La plainte indique que ces licenciements ont enfreint plusieurs lois fédérales et d’État, notamment la loi sur les congés familiaux et médicaux (Family and Medical Leave Act), la loi sur les Américains en situation de handicap (Americans with Disabilities Act), la loi contre la discrimination liée à la grossesse (Pregnancy Discrimination Act) et la loi sur l’équité envers les travailleuses enceintes (Pregnant Workers Fairness Act).
La plainte invoque l’«impact disparate»
La plainte fait également référence à la «responsabilité pour impact disparate», un concept de longue date en matière de droits civiques que l’administration du président Donald Trump a cherché à abandonner. L’impact disparate, codifié dans le titre VII de la loi sur les droits civiques de 1964, stipule que des politiques ou pratiques apparemment neutres peuvent être discriminatoires si elles imposent une charge disproportionnée à une catégorie protégée de travailleurs et ne sont pas nécessaires à l’exercice de la fonction.
L’administration Trump a ordonné aux agences fédérales de ne plus accorder la priorité à l’application de la responsabilité pour impact disparate, arguant que son utilisation discrédite la «méritocratie» et encourage l’hypothèse selon laquelle tout déséquilibre racial ou de genre au sein d’un effectif résulte d’une discrimination.
Cette directive a conduit la Commission pour l’égalité des chances en matière d’emploi (EEOC) à abandonner des affaires de discrimination au nom de certains salariés.

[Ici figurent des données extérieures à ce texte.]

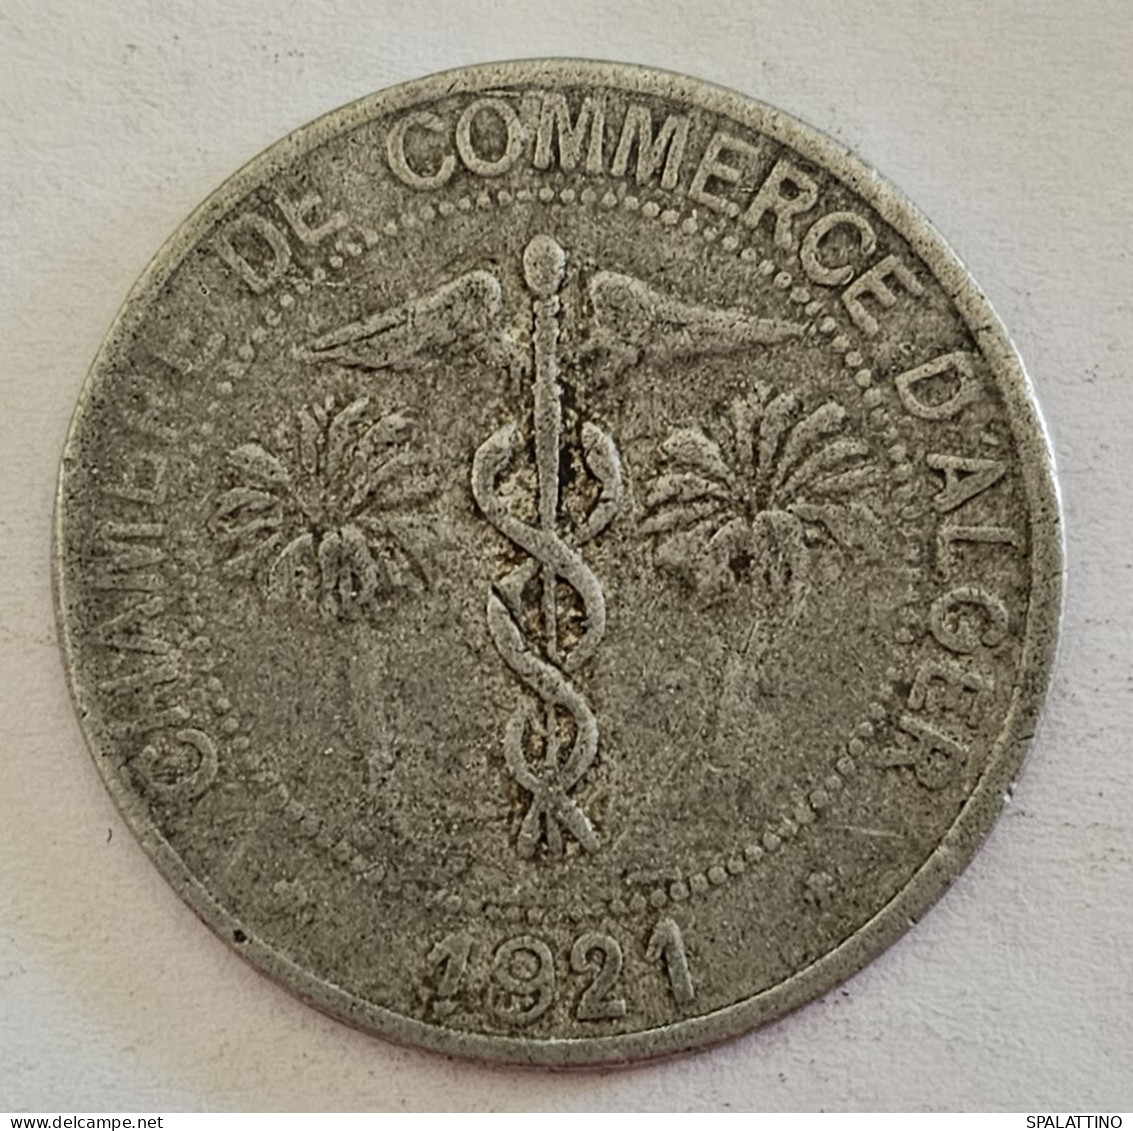 ALGERIA, ALGER- 10 CENTIMES 1921., ALGER CHAMBER OF COMMERCE - TOKEN, RARE - Monétaires / De Nécessité

Cependant, le procès intenté contre Meta souligne que les entreprises restent exposées à des poursuites pour «impact disparate» à l’ère de l’IA, malgré les efforts de l’administration Trump pour en empêcher l’application. Les salariés restent libres d’intenter eux-mêmes de telles actions en justice si l’EEOC rejette leurs plaintes, et plusieurs lois d’État interdisent spécifiquement la discrimination par «impact disparate».
Dans l’affaire contre Meta, les avocats des plaignants ont fait valoir que «le processus de sélection assisté par algorithme de l’entreprise, en enregistrant systématiquement ces absences comme une baisse de performance, pèse plus lourdement sur les femmes que sur les hommes».

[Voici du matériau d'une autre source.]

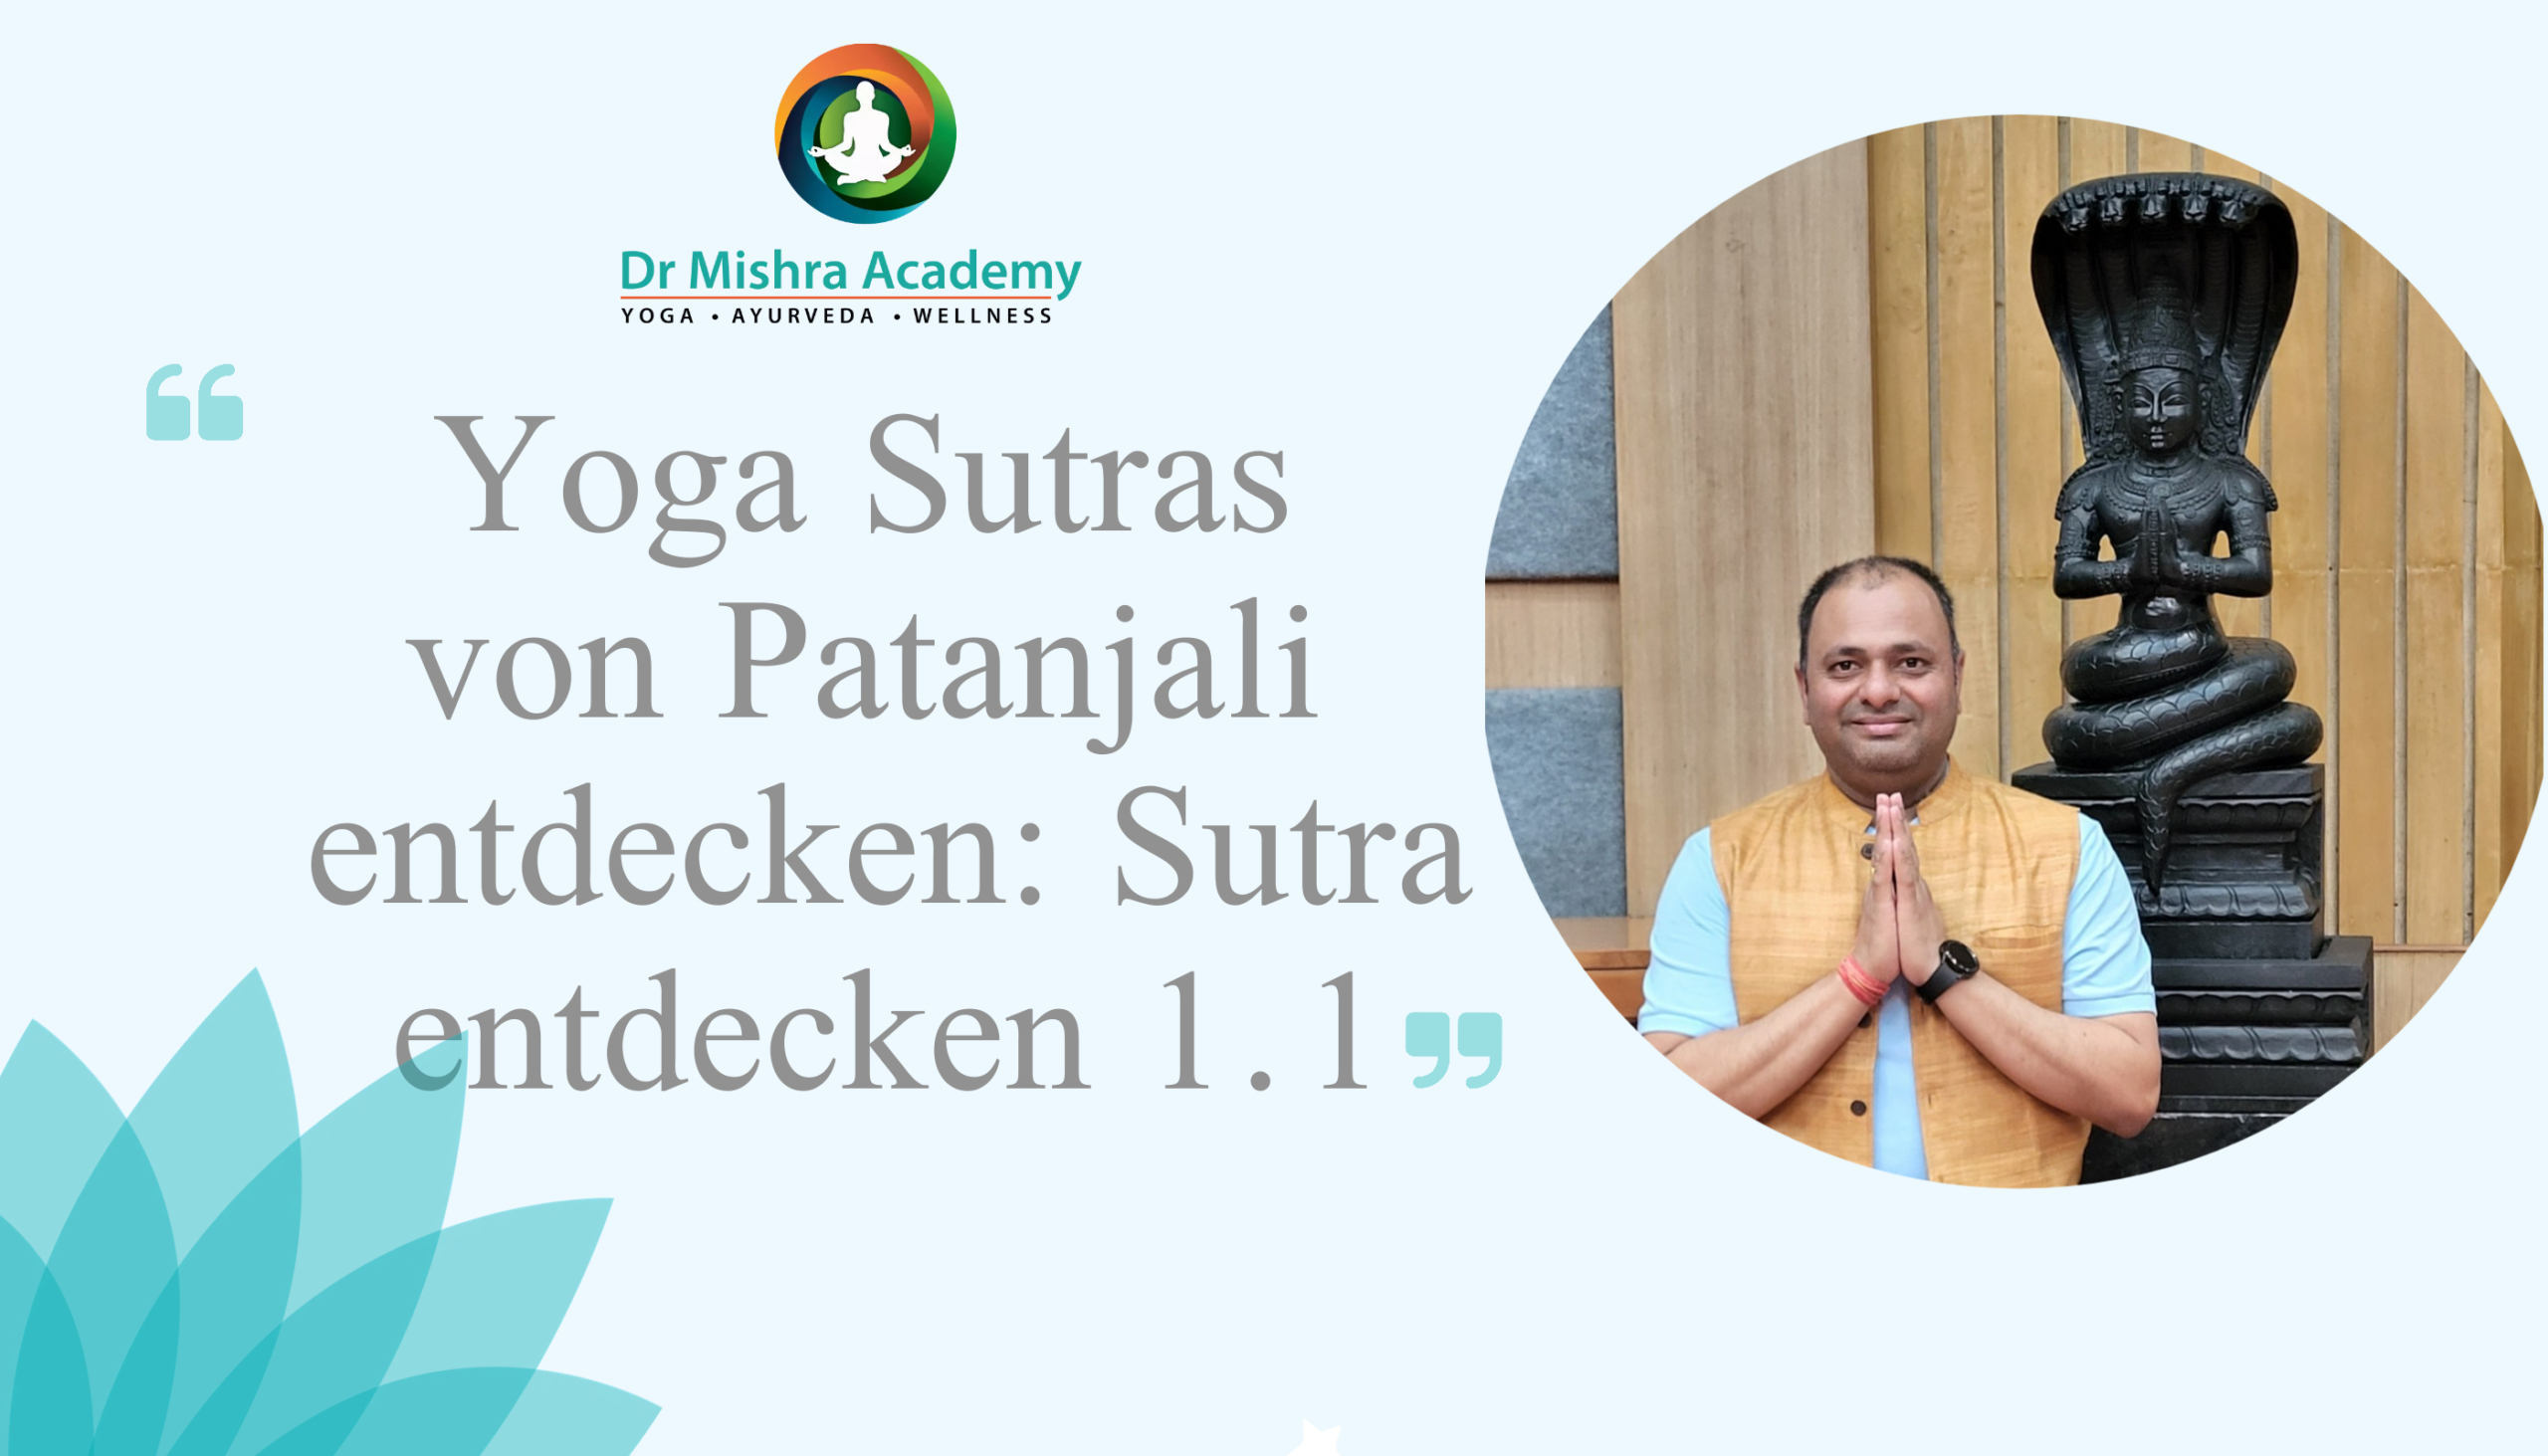 Die Yoga Sutras von Patanjali entdecken: Sutra entdecken 1.1

Cela s’explique par le fait que les femmes prennent de manière disproportionnée des congés de maternité et des congés pour s’occuper de proches, selon les avocats. La plainte invoque l’interdiction, prévue par le Titre VII, des pratiques d’emploi ayant un impact disparate, ainsi qu’un arrêt historique de la Cour suprême de 1971 qui a reconnu cette doctrine.
Les avocats des plaignantes ont déclaré dans un communiqué que le recours visait un seul objectif: préserver le statu quo afin de maintenir les employées en poste dans l’attente de l’arbitrage.
En effet, «une fois ces licenciements définitifs, les préjudices sont irréversibles: perte de la couverture santé subventionnée par l’employeur pendant la grossesse, la convalescence post-partum et le traitement médical en cours; extinction des droits à congé à durée déterminée; perte des actions non acquises; et déclenchement de conséquences en matière d’immigration».